SEC commissioners approved guidance Wednesday stipulating that proxy advisory firms must disclose how they reach their shareholder recommendations, in a move applauded by the business community.
The SEC issued an interpretation that proxy voting advice provided by proxy advisory firms generally constitutes a "solicitation" under the federal proxy rules and said the failure to disclose certain information required under existing law would render the advice materially false or misleading.
The commissioners also approved guidance that clarifies how an investment adviser's fiduciary duty relates to an adviser's proxy voting on behalf of clients, particularly if the investment adviser retains a proxy advisory firm. The guidance follows a question-and-answer format and provides examples to help facilitate compliance.
"It's giving a road map of what can be done to help you navigate the existing rules," said Laura D. Richman, counsel at law firm Mayer Brown, who focuses on corporate governance issues and public disclosure obligations.
Both measures passed in 3-2 votes; Democratic commissioners Robert Jackson Jr. and Allison H. Lee dissented.
Ms.
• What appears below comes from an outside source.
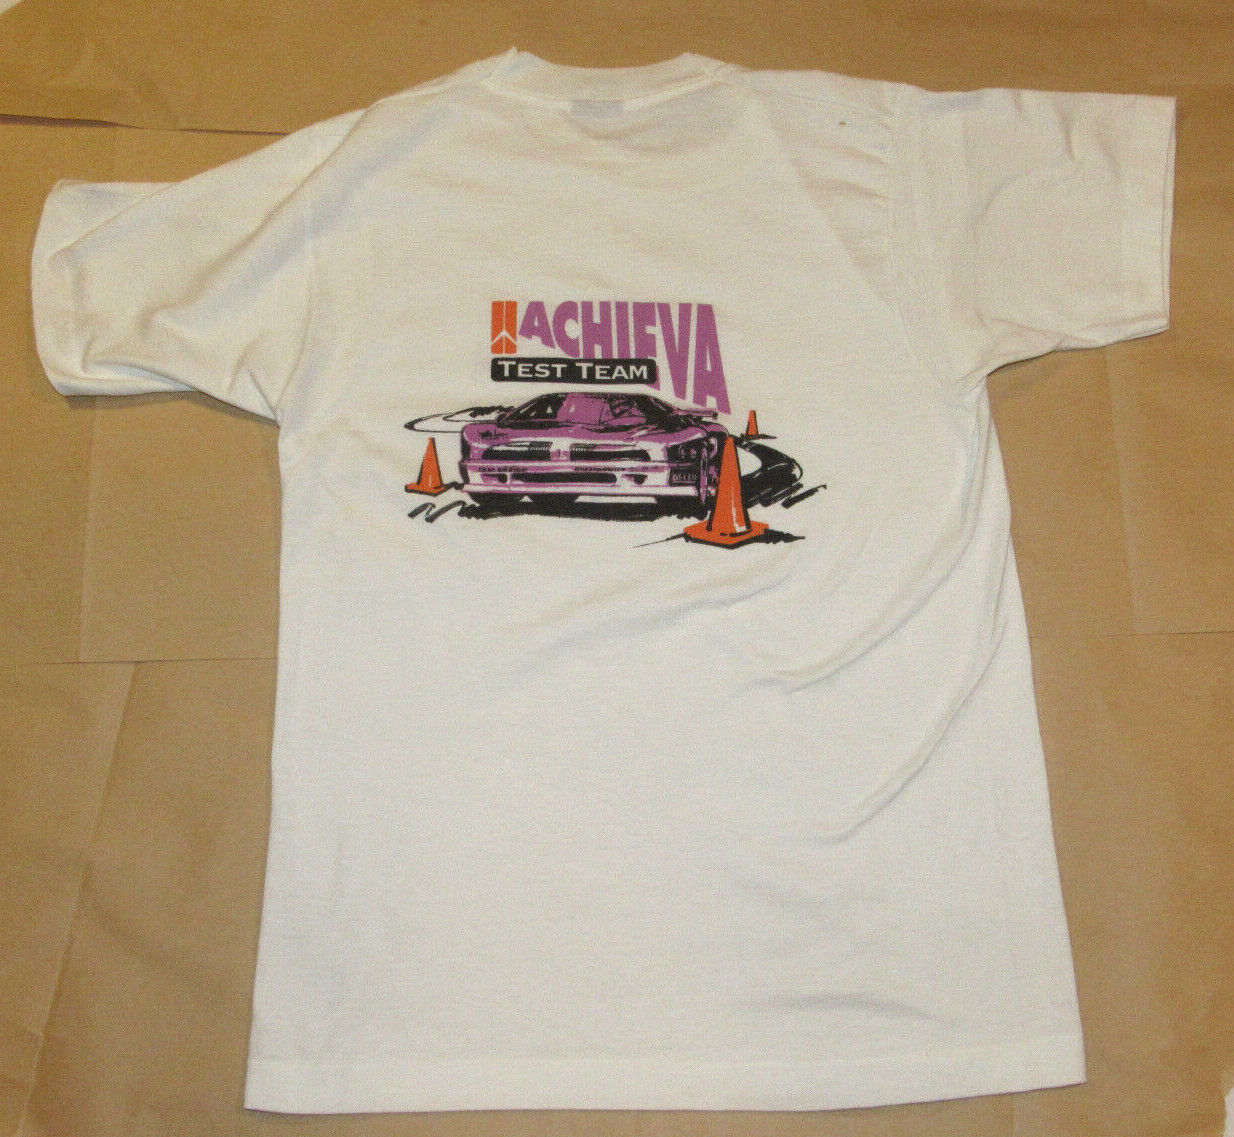 VINTAGE 1990s OLDSMOBILE ACHIEVA TEST TEAM T-SHIRT OLDS RACING MADE IN USA M
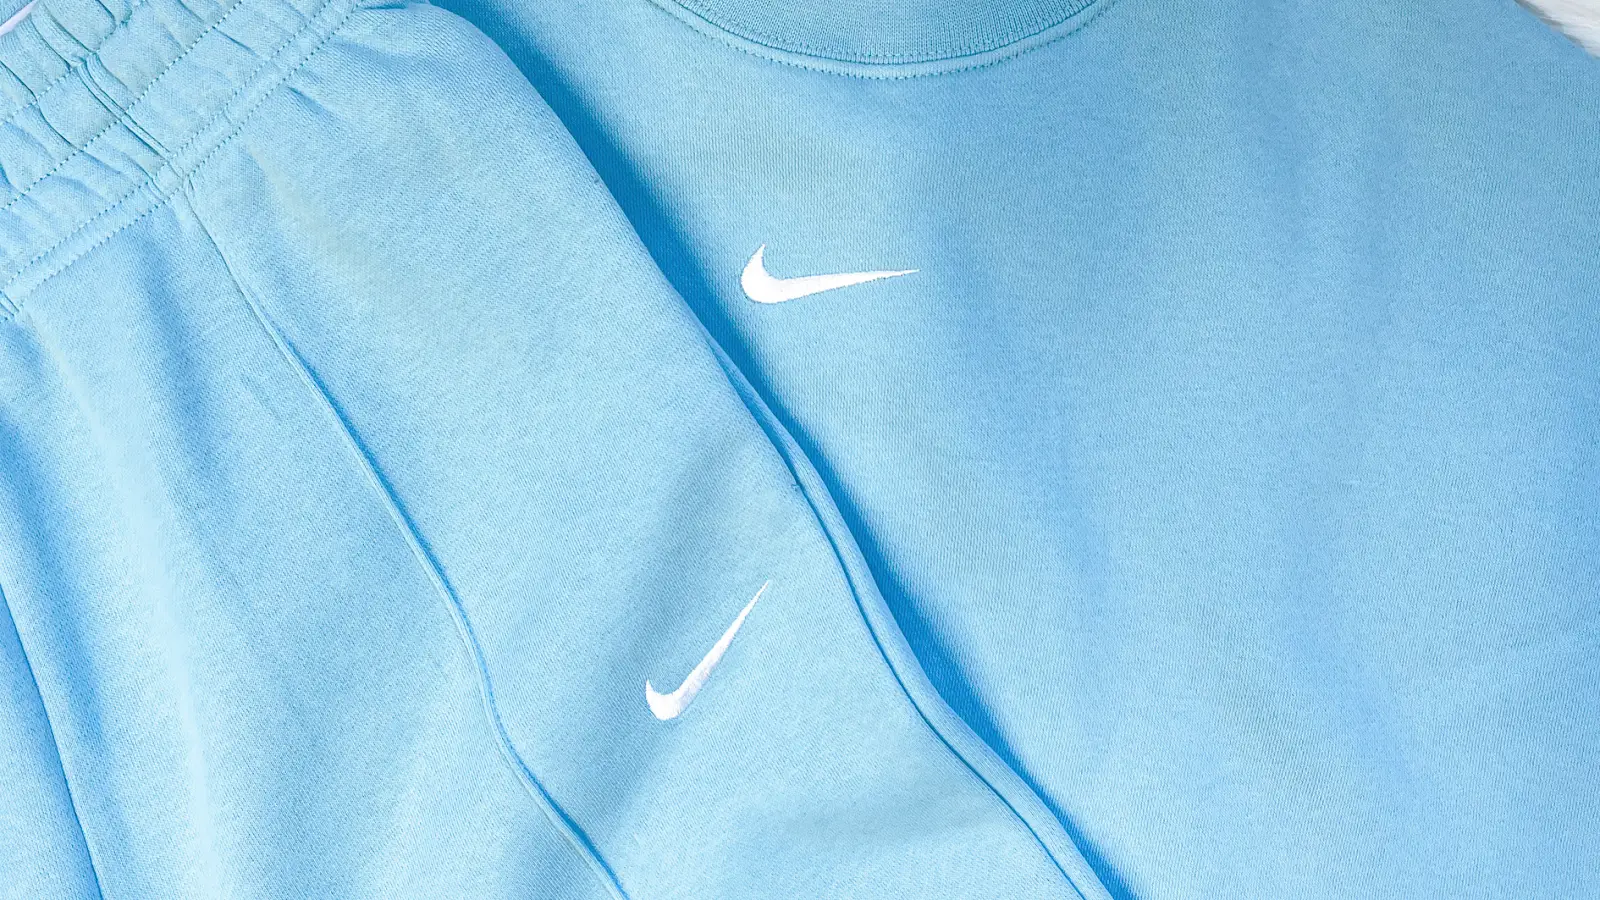 Nike's New-Season Clothing is the Hottest Drop Yet | The Sole Supplier

Lee said the guidance introduces "increased costs and time pressure into an already byzantine and highly compressed process." Moreover, it calls for "more issuer involvement in the process despite widespread agreement among institutional investors and investment advisers that greater involvement would undermine the reliability and independence of voting recommendations."
Gary Retelny, president and CEO of Institutional Shareholder Services, a proxy advisory firm that along with Glass Lewis & Co., controls about 97% of the market, said the guidance could hurt business and its clients.
"While we will carefully review the guidance issued today to understand the potential impacts for our clients, upon initial review we are concerned that the guidance will hamper our ability to deliver independent, timely and accurate research, data, insights and perspectives to aid in the discharge of their fiduciary duties, " said Gary Retelny, president and CEO of ISS, in a statement.
Business groups like the U.S. Chamber of Commerce, applauded the SEC's decision.
"Proxy advisory firms have been riddled with conflicts of interest, failed to link advice with economic return or company specific information, and lack process and transparency," said Tom Quaadman, executive vice president of the chamber's Center of Capital Markets Competitiveness, in a statement. "We commend the SEC for taking a critical first step in bringing much-needed oversight to proxy advisory firms, and we hope the SEC and other regulators take further action to ensure that proxy advisory firms provide 'decision useful' information to investors."
Through its votes Wednesday, the SEC is not building a new regulatory regime but is explaining the contours of an existing one to help investment advisers and proxy advisers carry out their responsibilities, Commissioner Hester M. Peirce said at the meeting.
"The guidance we are issuing today regarding the provision of proxy advice is designed to help proxy advisers think through their role in the proxy process," Ms. Peirce said.
Gail C. Bernstein, general counsel for the Investment Advisers Association, said she is concerned the guidance will increase costs for advisers and also increase barriers to entry for proxy advisory firms. "While the commission stated at the open meeting that its actions do not create new obligations, we believe that as a practical matter they will for investment advisers," Ms. Bernstein said in a statement. "We are disappointed that the guidance was issued without the opportunity for public comment and without the benefit of an economic analysis."
Commissioner Elad L. Roisman, who is leading the commission's efforts to revamp the proxy voting process, indicated that Wednesday's votes will not be the last on this issue.